January 25, 2012 Leave a comment

Johann Hari: The Non-Return

I guess I’m kinda sad that Johann “Harvey” Hari will not be returning to “The Independent” (dread term, as its former, most well-respected columnist Wallace Arnold would say). I was looking forward, perhaps over-gleefully, to seeing exactly what the Great Plagiarist would come up with that would in any way atone for his previous frauds to his loyal followers. Equally, I wanted to see how the Independent (“It once was. Are you still?”) would once again weasel its way around the fact they let him get away with these frauds for so long: indeed, would promote him way above his journalistic capability – which many seasoned journalists had called into question before the balloon finally went up – his intellectual honesty or  his educational ability (Tim Worstall was calling him out on his inept economic analysis long before his plagiarism came to light).

But, having returned from his New York journalism re-education camp…sorry, I mean retraining course…(hang on, he never had journalism training in the first place, so how does that work?) he has decided to cop out. Fleet Street Blues puts it kindly: “Fair play to him for falling on his sword…”  Well, far enough, except that it was a sword he fashioned himself from the ploughshare used by more honest, less ambitious and glory-seeking journalists than he.

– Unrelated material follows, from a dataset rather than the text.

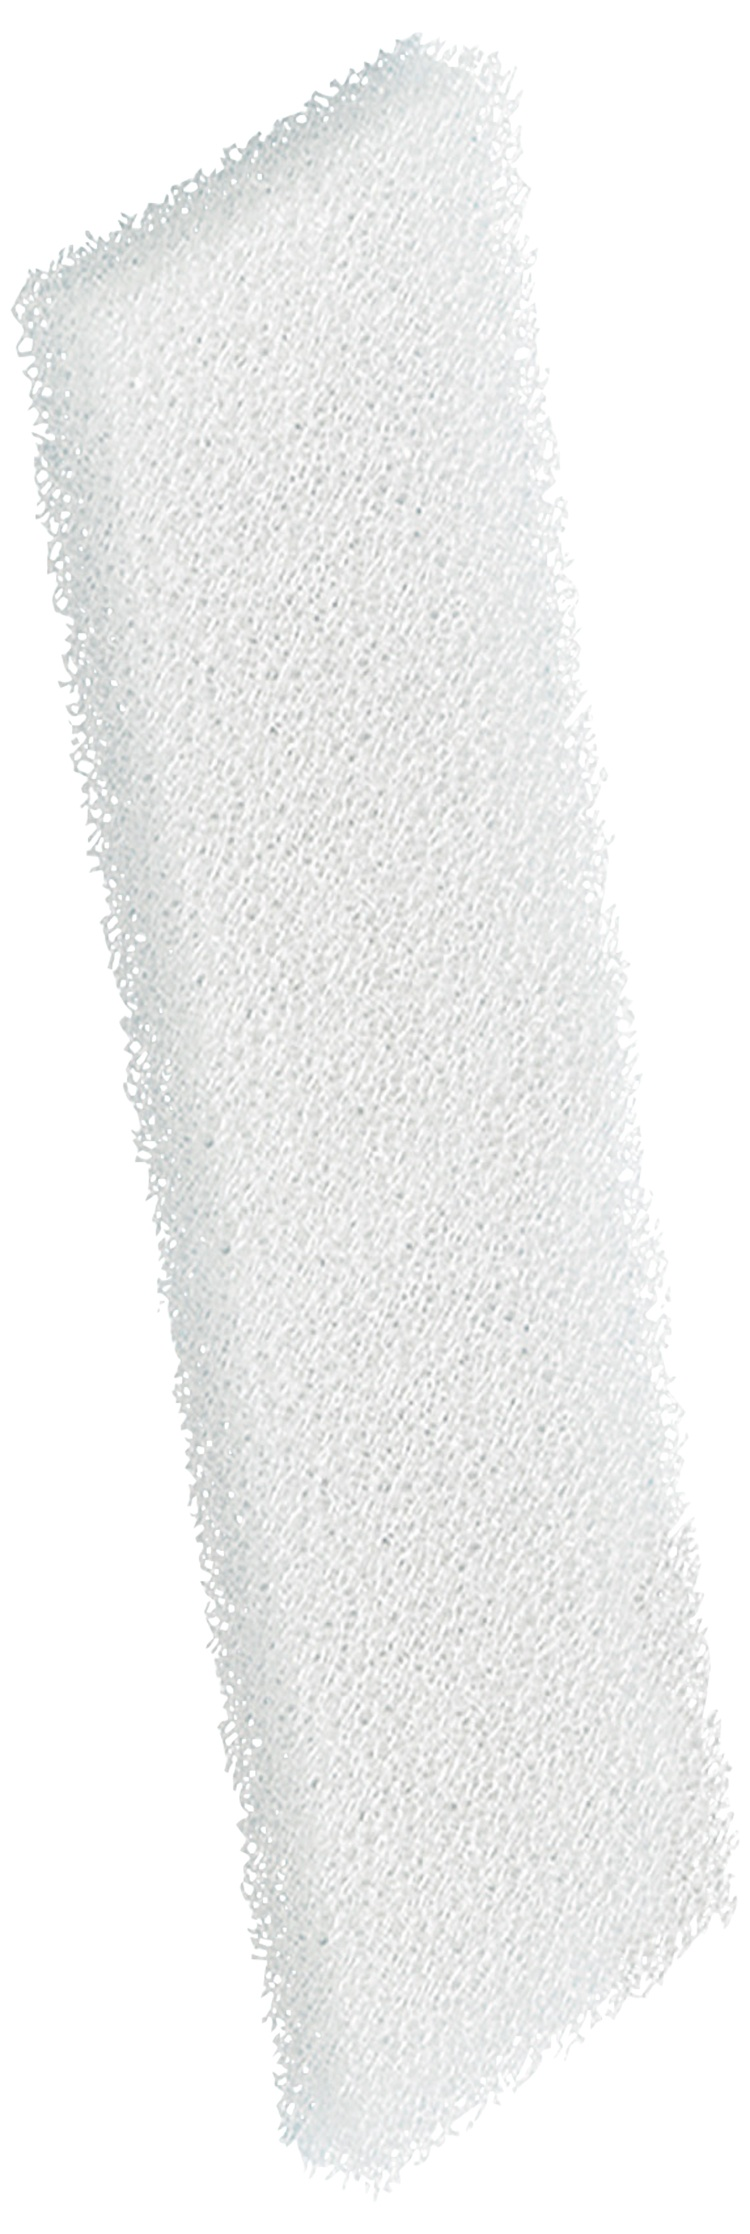 Akvārija filtru pildījums - Foam for Fluval U4

Is there a lesson to be learnt from the Johann Hari affair? Yes, there is, and it is, in the portentous tones of Laurence Rees, it’s “A Warning From History”. The rise of Hari roughly coincides with that of Tony Blair and New Labour, and it’s difficult not to recall Peter Oborne’s verdict on the relationship between truth vs falsehood during that regime, in The Rise of Political Lying:

It is not unreasonable to speculate that the prime minister has a strong tendency to fall victim to a common conceptual muddle: the failure to understand the distinction between truth versus falsehood and truth versus error. Tony Blair, and many colleagues, consistently seem to feel that they are lucky enough to have been granted a privileged access to the moral truth. This state of grace produces two marvellous consequences. It means that whatever New Labour ministers say or write, however misleading or inaccurate, is in a larger sense true. Likewise whatever their opponents say or write, whether or not strictly speaking accurate, is in the most profound sense false.

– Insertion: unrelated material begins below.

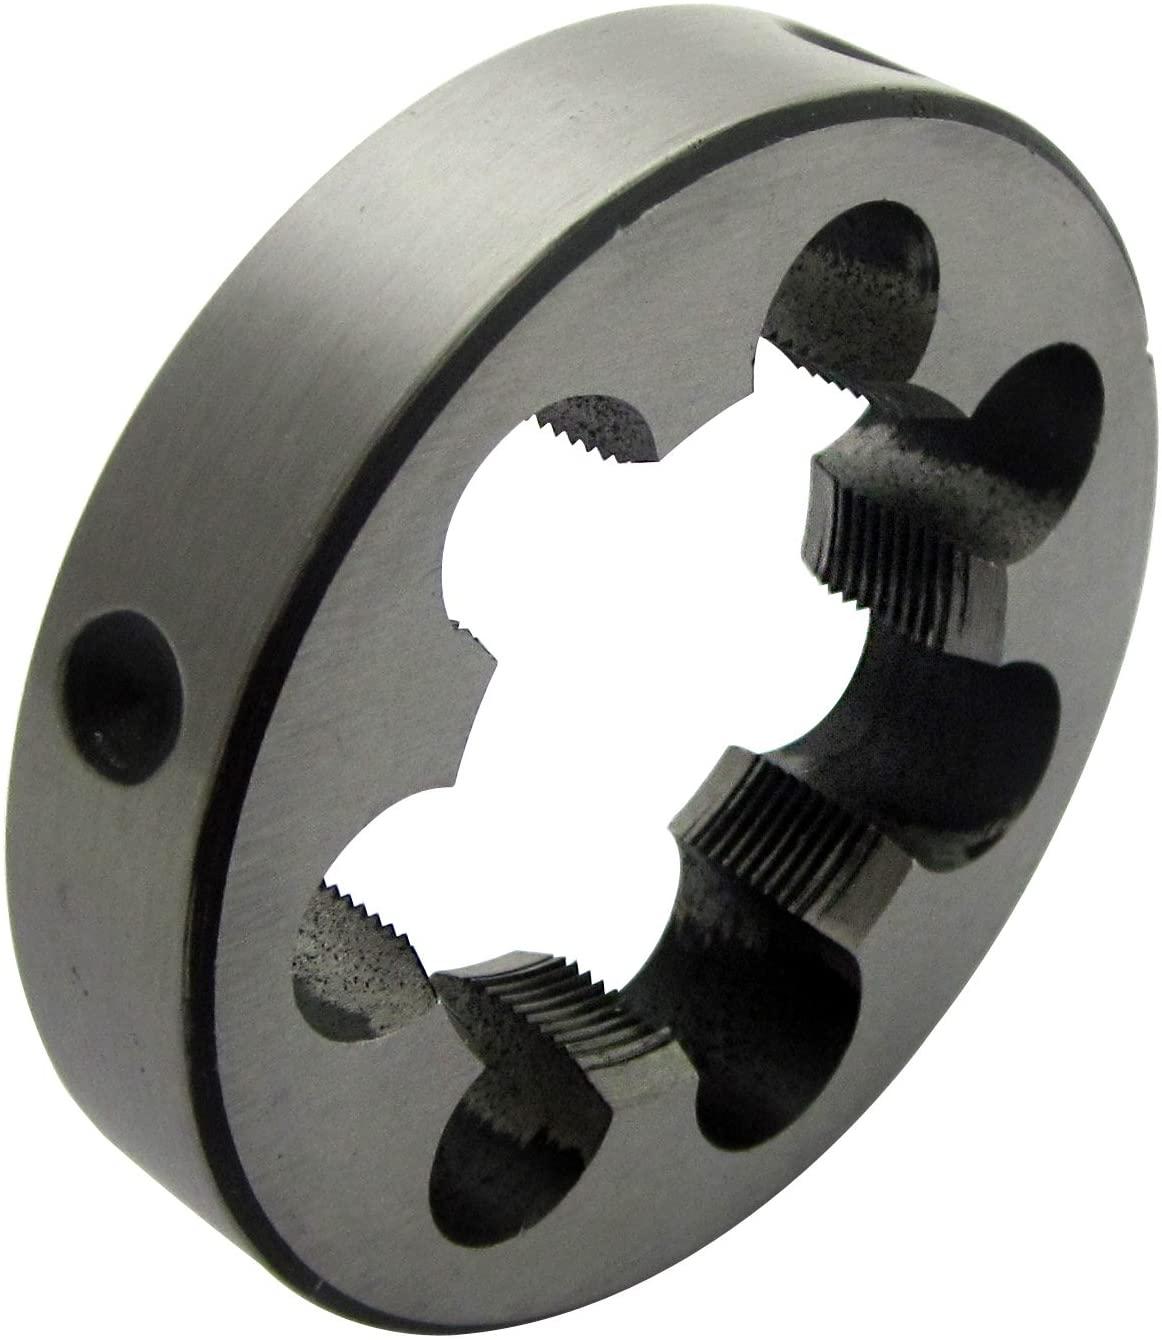 37mm X 1.5 Metric Right Hand Thread Die M37 X 1.5mm Pitch

Hari’s apologists (Polly Dutt-Pauker, Caitlin Moran etc) have all tended to forgive the Blessed Hari’s venial sins – misrepresentation, plagiarism, making up direct quotes – because he represented a Cardinal virtue: a “moral” truth, though not one supported by anything so mundane as facts, reality or common sense. It’s as though he and they have taken the example of Evelyn Waugh’s Shumble, Whelper, Pigge and Corker in Scoop and learnt exactly the wrong lesson. But then right-wing satire is always a bit too subtle for the lefties’ more clod-hopping tastes.

So Hari is off to write a book

on a subject I believe is important and requires urgent action. To be done properly it needs international travel and …in depth focus…”

Hmmm. “The Ethics of Journalism – An International Study”, perhaps? The Plagiarist’s Progress, perchance, following our hero from the City of Destruction (a rather ungenerous way to describe the Independent, but I wouldn’t know; I’ve never worked there), up Hill Lucre, to the House Beautiful and  down into the Slough of Despond and the Valley of Humiliation? A novel called…oooh, I don’t know, something along the lines of  “The Fabulist” perhaps, about a reporter on a respected national publication who throws it all away by making stuff up? Oh, that’s already been done (and had the Hollywood treatment, too).

Maybe it’s a biography of Polly Dutt-Pauker he’s thinking of doing. Now that would require in depth focus – and international travel, of course (and Tuscany is so beautiful this time of the year, too).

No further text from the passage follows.